# understanding bray curtis and Jaccard

hi, i have an enormous question about how to interpret this results. i did a beta diversity analysis using jaccard and bray curtis metrics. According to the p-value, there is a significant difference bettwen my samples, but in the boxplot (and according to this discussion [(beta diversity explanation (jaccard_distance)) )] shows that there isn’t a clear difference with the jaccard distance. am i wrong?
and i dont know how to interprete the bray curtis’s results with the jaccard’s ressults.
best regards sofi

Hello @Sofi,

Welcome to the forums!

I’m glad you found that excellent post by Mehrbod that describes how the box plots are made.
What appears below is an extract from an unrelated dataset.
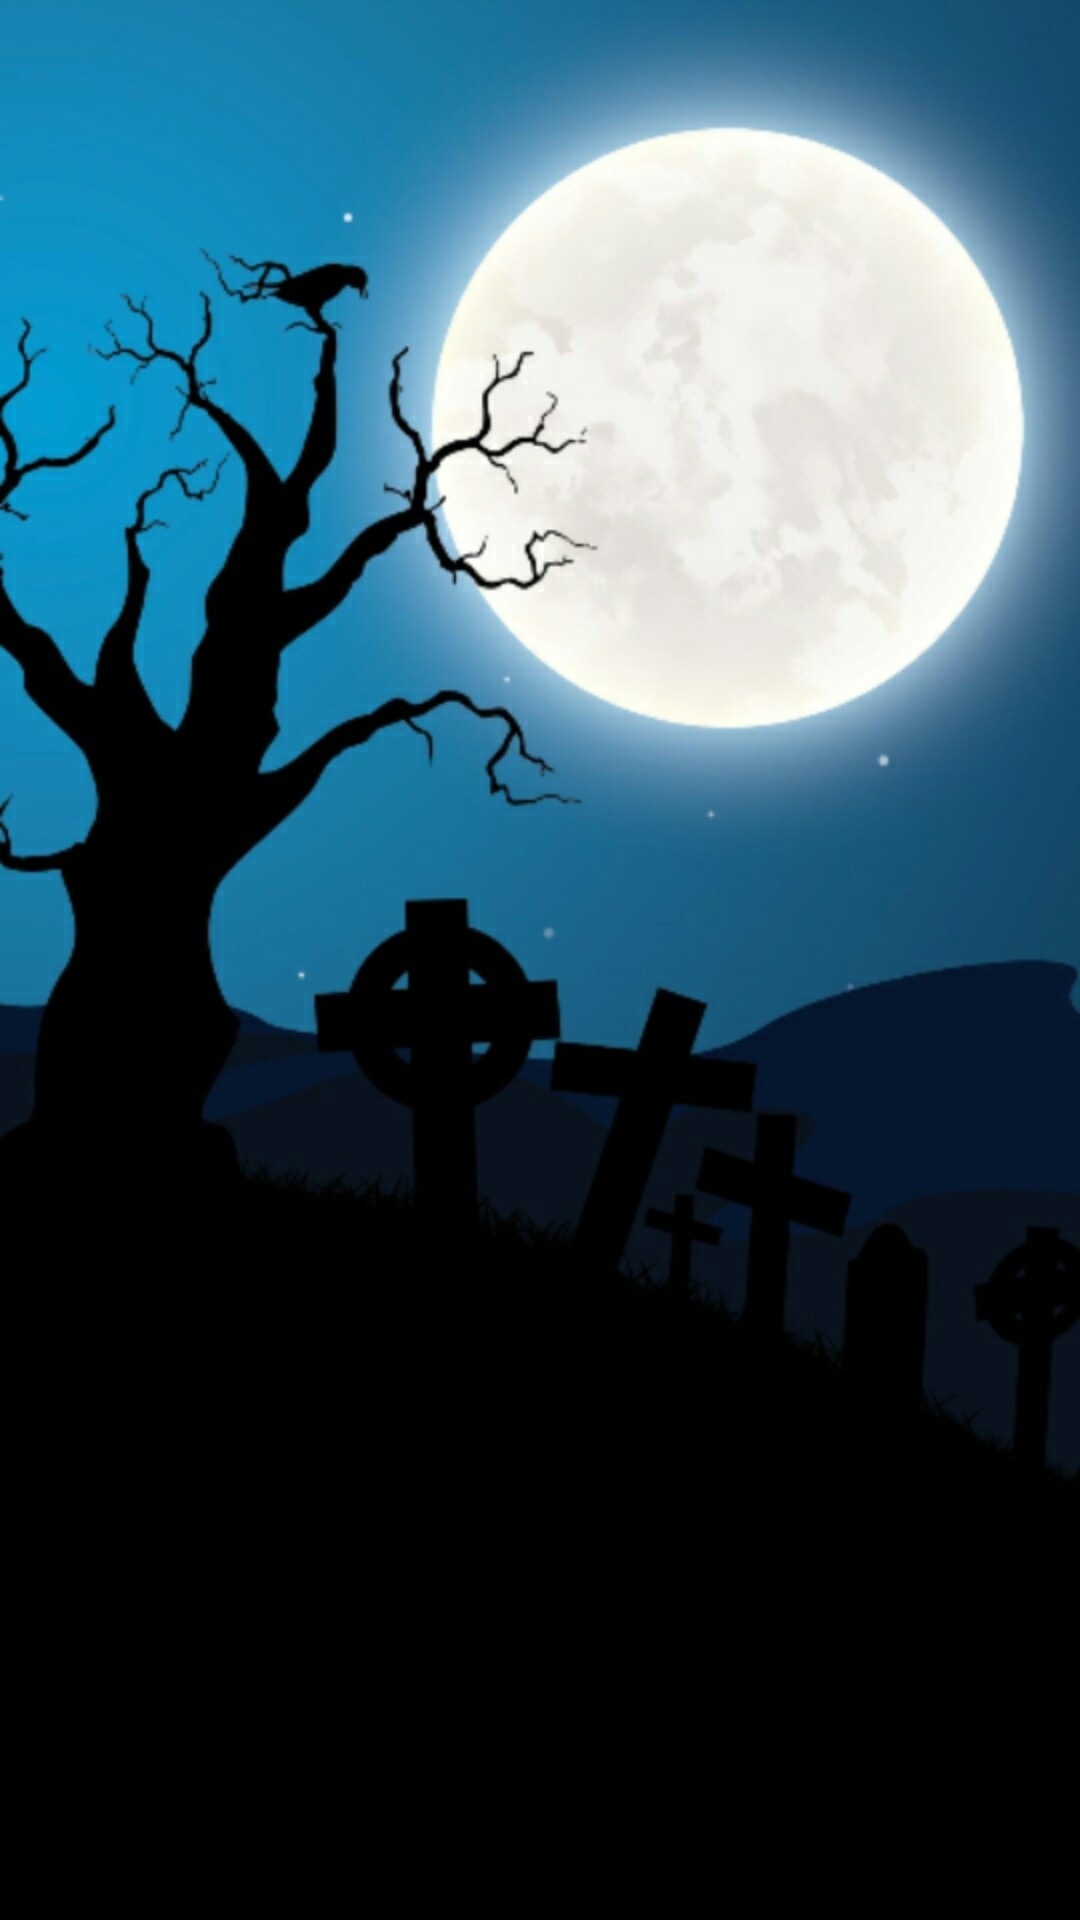 1080x1920 Full moon cellphone wallpaper lock screen, Halloween, midnight, cemetery

Before we dive in, can you post the full command you ran?

Hi @colinbrislawn thank you very much for your quick response.
the commands that i used are

qiime diversity core-metrics-phylogenetic
–i-phylogeny rooted-tree.qza
–i-table table.qza
–p-sampling-depth 32000
–output-dir core-metrics-results

qiime diversity beta-group-significance
–i-distance-matrix core-metrics-results/bray_curtis_distance_matrix.qza
–o-visualization core-metrics-results/bray_curtis_type_significance.qzv \

Thanks!

As discussed in that thread, the PERMANOVA is performed first to look for differences between groups and give you a p-value of significance.
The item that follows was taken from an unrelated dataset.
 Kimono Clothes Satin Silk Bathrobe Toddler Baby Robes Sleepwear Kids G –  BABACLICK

Afterwards, the box plots are made, and if that p-value is under your alpha threshold, then you can look to see what groups are most different. I think of the box plots as a post-hoc test.

Yeah, the difference are very small but I can see a few…
Pristine to pristine: slightly lower mean, some outliers, larger standard deviation
Human to pristine: slightly higher mean, no outliers, smaller standard deviation

Remember that a stat test can be significant, but the effect size can still be very small.
Paper: https://www.ncbi.nlm.nih.gov/pmc/articles/PMC3444174/
Interactive visualization! https://rpsychologist.com/pvalue/

When you view all your samples in a PCoA plot, do these groups visually overlap? The file `core-metrics-results/jaccard_emperor.qzv` should contain this graph. I posted about how I read those graphs over here.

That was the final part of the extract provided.